To study the estimator of interaction parameters as discussed in § 3, we generated X₁ from a Bernoulli distribution with p = 0·1 or 0·5, and X₂ from a standard normal distribution. The survival time T was generated from an exponential distribution with mean exp(β_IX₁X₂), where β_I = 1. The residual censoring time was generated from a U(0, 5) distribution. We compared three estimators for β_I : the proposed case-control estimator ${\widehat{\beta }}_{\mathrm{CC}}$ in § 2 using data from both incident and prevalent cohorts, the proposed case-only estimator ${\widehat{\beta }}_{\mathrm{CO}}$ in § 3 using data from the prevalent cohort, and the solution ${\widehat{\beta }}_{\mathrm{LR}}$ to a log-rank estimating equation using data from the incident cohort. Table 2 showed that the proposed case-only estimator gained efficiency by recognizing the independence relationship between X₁ and X₂. When p = 0·1, X₁ = 1 is uncommon in the population and the estimate ${\widehat{\beta }}_{\mathrm{LR}}$ using only incident cohort data had low efficiency.
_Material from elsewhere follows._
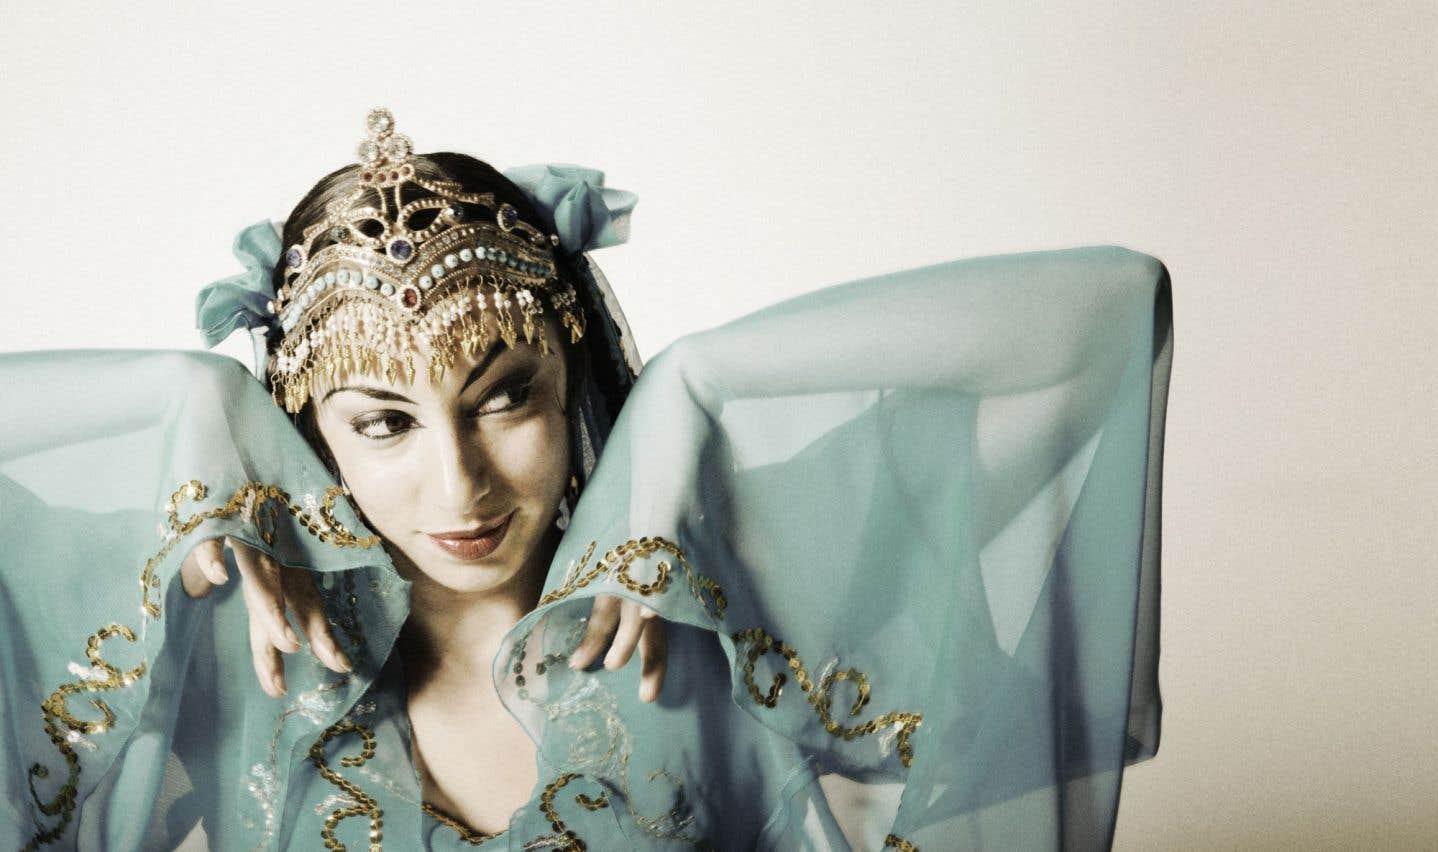 Miriam Peretz, une danseuse-chorégraphe installée en Californie qui a développé l'art des danses traditionnelles, mystiques et contemporaines en provenance de la Route de la soie.

Prevalent sampling preferentially samples individuals with X = 1 and estimators using information from prevalent data were more efficient than those using information only from incident data.

Table 2.

Comparisons among the proposed estimators and log-rank estimating equation for interaction parameters

		${\widehat{\beta }}_{\mathrm{CO}}$		${\widehat{\beta }}_{\mathrm{CC}}$		${\widehat{\beta }}_{\mathrm{LR}}$
	n	Bias × 103	SSE × 103	Bias × 103	SSE × 103	Bias × 103	SSE × 103
p = 0·1	50	79	164	103	360	−76	502
	100	22	104	58	197	51	328
	200	19	74	58	198	147	203
p = 0·5	50	7	113	31	159	−38	139
	100	19	76	12	105	47	85
	200	7	52	10	72	−8	57

SSE, the sampling standard deviation.

Next, we studied the performance of the propensity score methods proposed in § 4. Two covariates (X₁, X₂) were generated from U(0, 1) and N(0, 2) distributions. Exposure A was generated by a propensity score model logit{pr(A = 1 | X₁, X₂) = γ₀ + γ₁X₁ + γ₂X₂, where (γ₀, γ₁, γ₂) = (–1, 2, 2) and survival time followed log T = β₀ + β_AA – |X₁X₂ – 0·5| + ε where ε was standard normal. Censoring followed a U(0, 2) distribution. We compared three estimators for β_A: the estimator ${\widehat{\beta }}_{\mathrm{LR},\mathrm{MIS}}$ which is the solution to a log-rank estimating equation based on a misspecified model log T = β₀ + β_AA + β₁X₁ + β₂X₂ + ε; the proposed estimator assuming the propensity score is known, ${\widehat{\beta }}_{\text{known}}$; and the proposed estimator with unknown propensity score, β_unknown. Table 3 shows that the two propensity score methods had a small bias, while the estimator based on a misspecified regression model was biased.

Table 3.

Comparisons among estimators under a propensity score model

	${\widehat{\beta }}_{\mathrm{LR},\mathrm{MIS}}$		${\widehat{\beta }}_{\mathrm{known}}$		${\widehat{\beta }}_{\mathrm{unknown}}$
n	Bias × 103	SSE × 103	Bias × 103	SSE × 103	Bias × 103	SSE × 103
50	357	603	66	526	93	848
100	315	392	23	386	41	572
200	295	282	22	262	42	376

SSE, the sampling standard deviation.